This invention is directed to contour forming machines for contour forming sheet metal structural elements and more particularly to apparatus useful in systems for controlling the operation of contour forming machines.
Contour forming machines for forming contours in sheet metal structural elements or parts, such as body frames, stiffeners and stringers used in aircraft, for example, fall generally into two classes -- stretch forming machines and contour rolling machines.
Stretch forming machines cause the parts to yield under tension while being maintained in a plastic state. The parts are wrapped against a form block of the desired contour until the desired part contour is achieved. Because an individual form block is required for each part, stretch forming has the disadvantage of requiring considerable lead time for form block fabrication and testing. With most high-strength materials, springback factors must be experimentally developed and incorporated into the form block contour. In addition to the expense attendant to developing individual form blocks, stretch forming has the further disadvantage of requiring the maintainence and storage of an expensive inventory of large, fairly complex tools. Moreover, stretch forming has the mechanical disadvantage that when a part is formed in tension it has a strong tendency to thin and neck, thus losing structural strength. In order to avoid this tendency, filler blocks and a variety of elongation control devices are frequently employed all of which further increase the cost of contour forming using this process.

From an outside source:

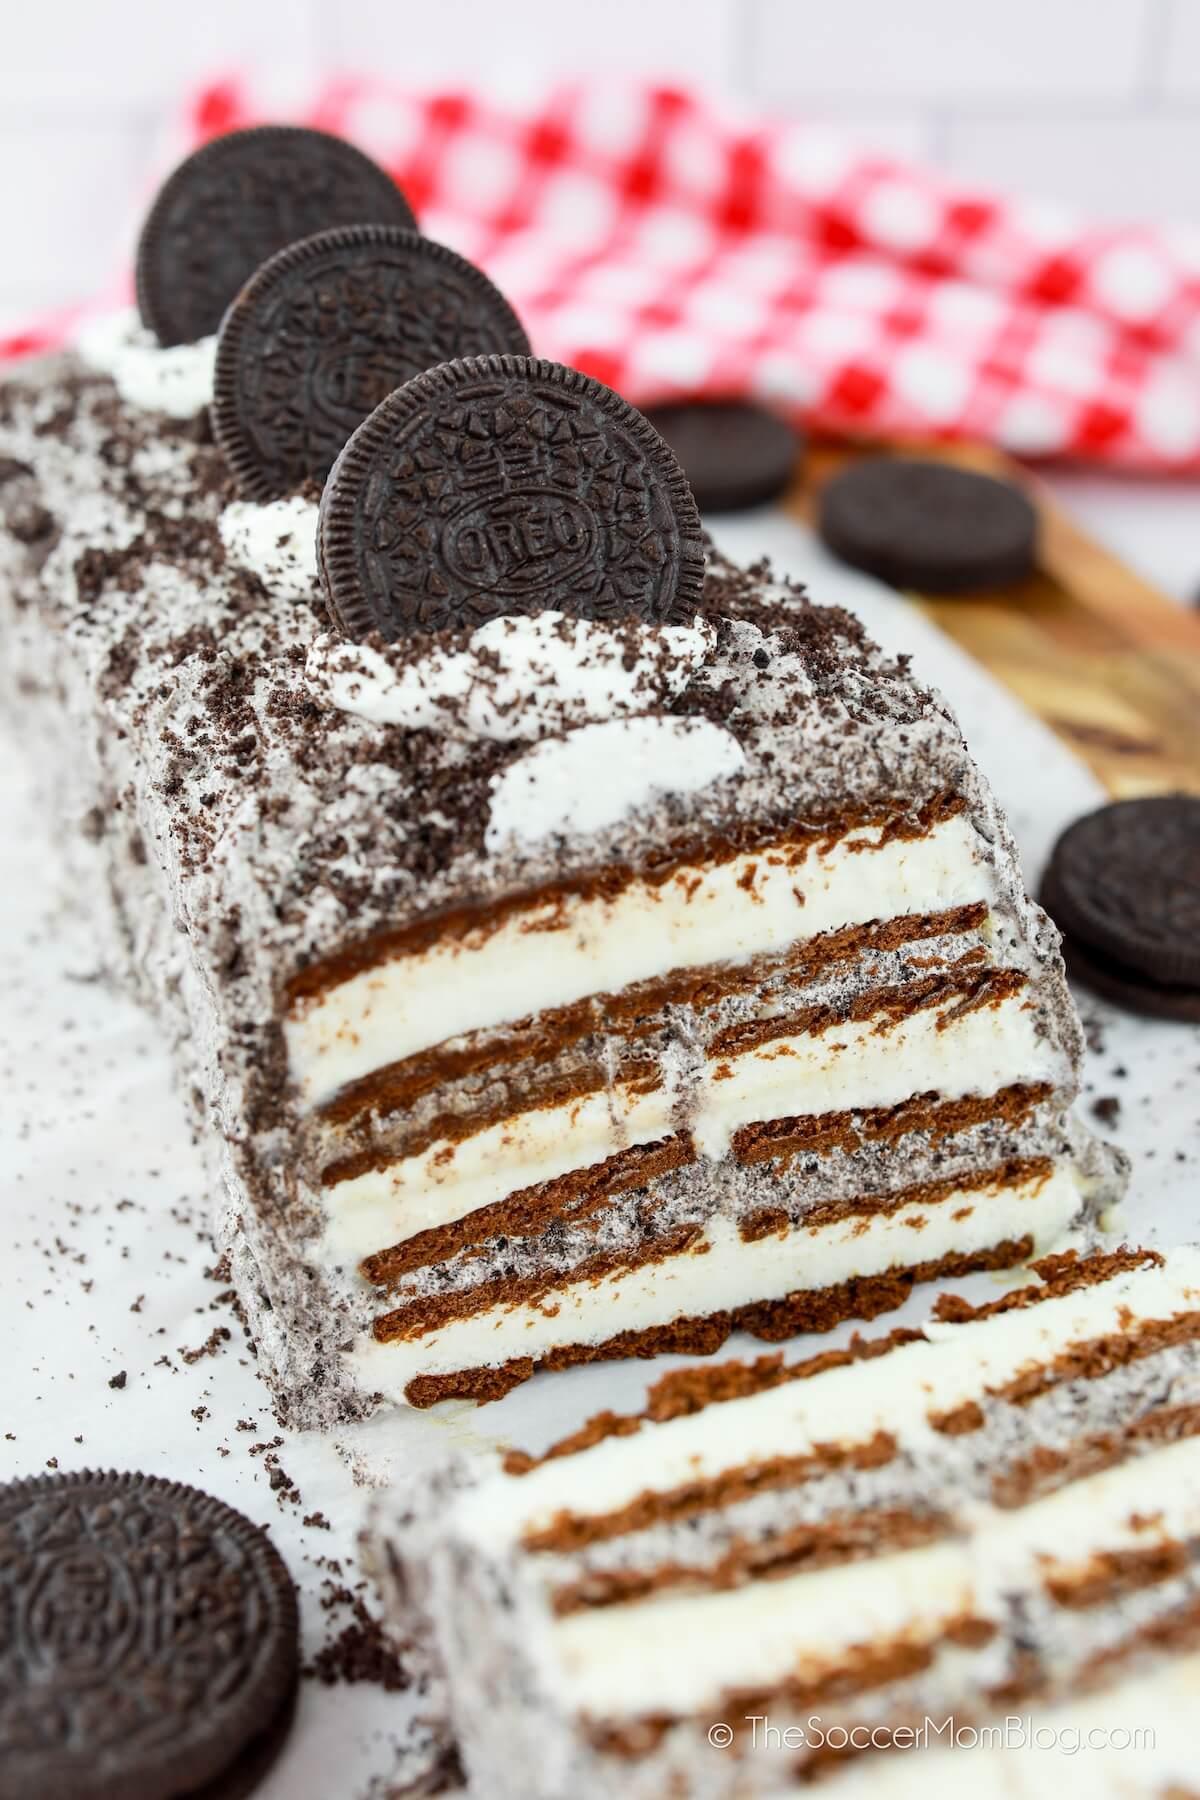 ice cream cake made with ice cream sandwiches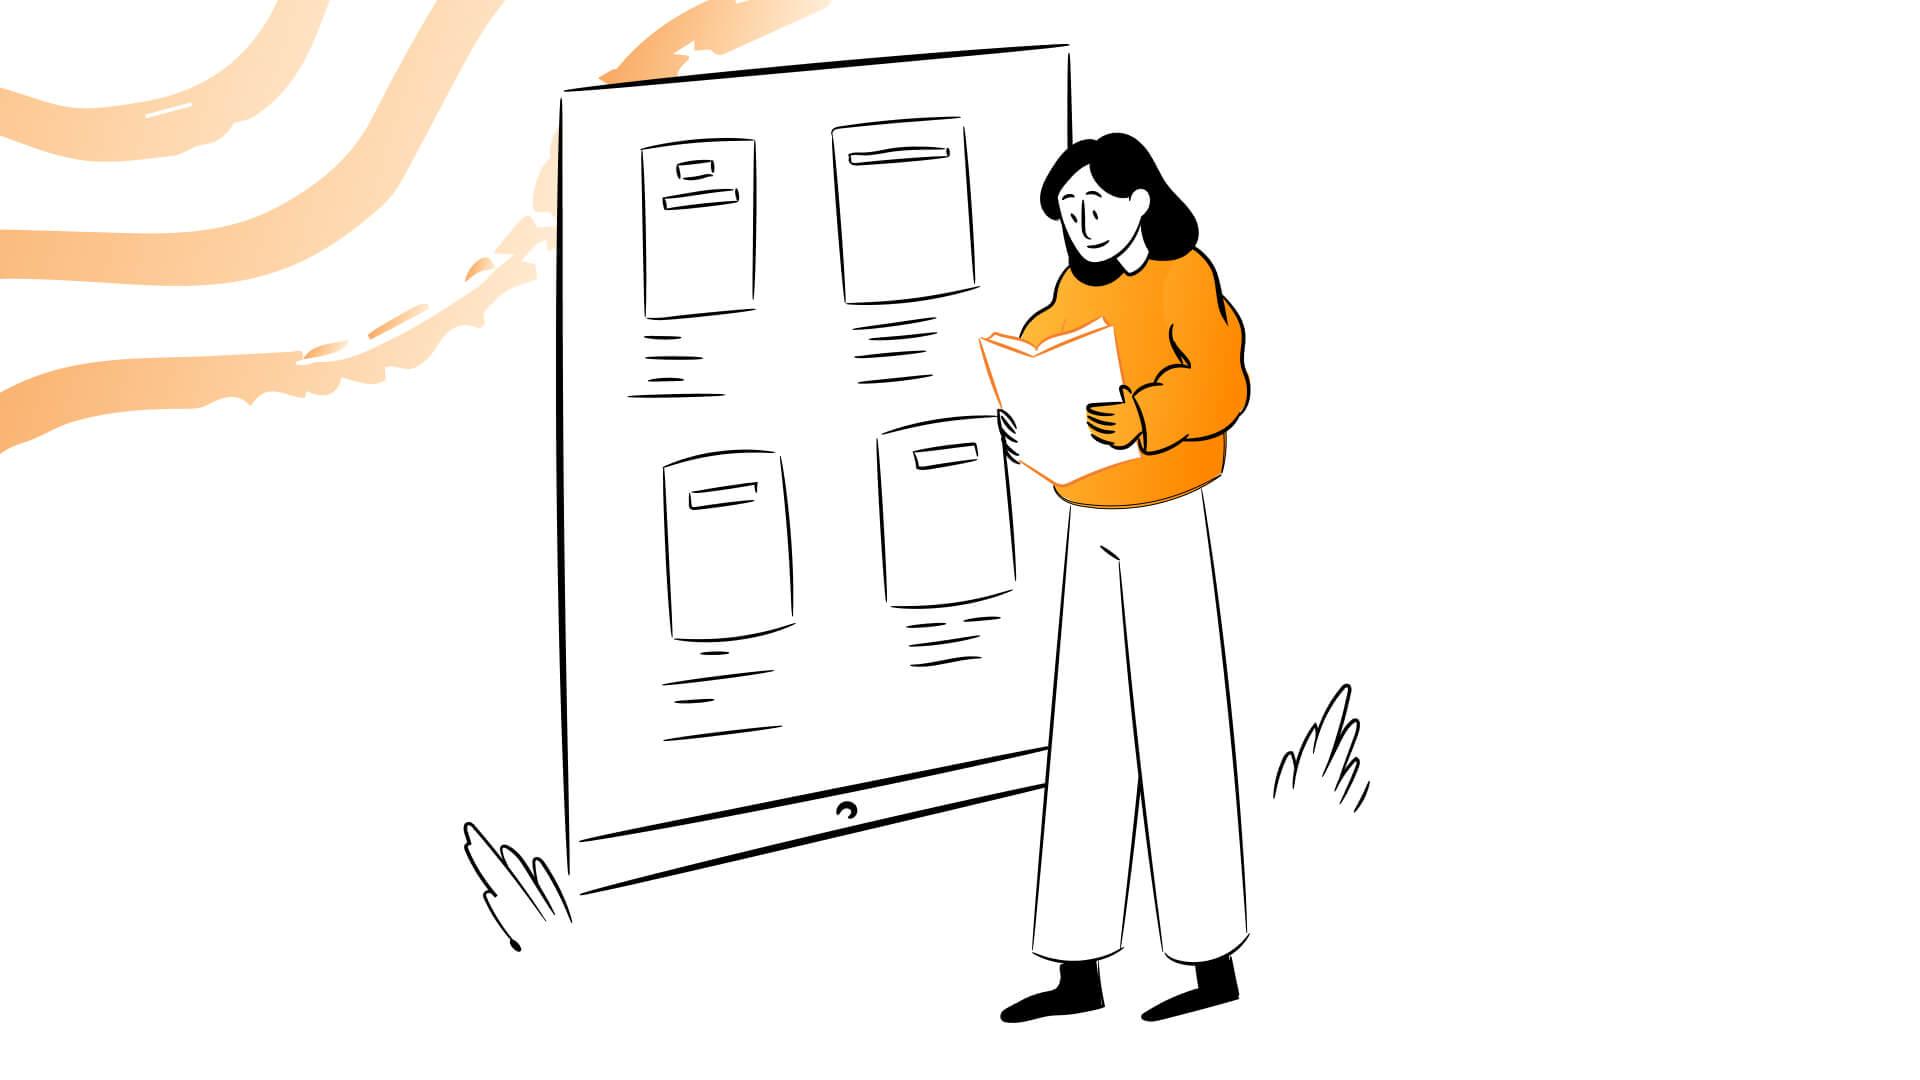 Mentorship Can Feel Intimidating - But It Shouldn't

In roll forming machines a part is traversed through an arrangement of rolls that are progressively offset to impart increasing contour. The operator of the roll forming machine continues to increase the contour of the part by adjustment of the rolls until he determines through frequent reference to a template or checking fixture that the desired contour configuration has been achieved. Because only a small increment of the part is formed at a time, and because the geometric arrangement of the rolls provide a considerable leverage factor, roll forming facilities are smaller than comparable stretch forming facilities. Moreover, roll forming machines are considerably less expensive than corresponding stretch forming machines. However, classically, only uniplanar contours, as opposed to multiplanar contours, have been formed using roll forming facilities. Moreover, in the past it has been found that parts with complex cross-sections cannot be readily contour formed. Further, manual adjustment of roll positions in accordance with the operators experience is necessary to compensate for varying part springback. Because of these disadvantages, the time required to form a particular part and the resulting part quality depend to a large extent on the skill of the operator. Because operator skill is involved part forming costs rapidly increase with critical tolerance requirements. On the other hand, only minor distortion of the cross-section configuration of a part occurs during roll forming because only a small portion of the part is unsupported at any one time between the forming rolls.
Generally speaking, as can be seen from the foregoing discussion, stretch forming facilities are more suitable for large scale production because they require less operator skill, even though an expensive inventory of fairly complex tooling is required. Roll forming facilities, on the other hand, are better adapted to prototype development and special situations because labor costs are considerably higher due to the high degree of operator skill required.
Recently a numerically controlled contour forming machine has been developed. This machine is described in a Defense Documentation Center (DDC) document entitled "Numerically Controlled Contour Forming" by G. B. Foster. This document is a copy of Interim Technical Report IR-791-0 (I) submitted by the Commercial Airplane Group, The Boeing Company under Air Force contract F 33615-70-C-1827. The document bears the identification number D6-22258. The information contained in this document is incorporated herein by reference for background information purposes. In general, this document describes a control system for controlling the positioning of the right and left forming rolls, which are located on either side of the pinch rolls between which a part to be contour formed passes, of a roll forming machine. The roll forming machine can create complex contours as well as simple (uniplanar) contours in parts with complex as well as simple cross-sectional configurations.
One of the problems with roll forming machines, whether they be manual or electronically controlled, is that springback of the part occurs after it passes through the contour forming rolls, and it is necessary to adjust the rolls to compensate for such springback to obtain the desired contour. The apparatus disclosed in the document referenced above includes a uniplanar sensor for sensing springback in a single plane and using this information to control the positioning of the forming rolls. The document does not, however, disclose a multiplanar sensor for sensing springback even though the apparatus described in the document includes the capability of multiplanar contour forming. This invention is directed to such a multiplanar sensor and a control system for using the information developed by the sensor to control a roll forming machine in order for it to compensate for springback.
Therefore, it is an object of this invention to provide a multiplanar contour sensor.
It is a further object of this invention to provide a multiplanar contour sensor and a control system for modifying the signals applied to a numerically controlled roll forming machine in accordance with information derived by the multiplanar sensor.
It is a still further object of this invention to provide a control system for use with a numerically controlled roll forming machine which includes a sensor for sensing the contour in a multitude of planes of a part being formed by the machine and a means for modifying the signals applied to the forming rolls of the machine in accordance with the information sensed by the multiplanar sensor.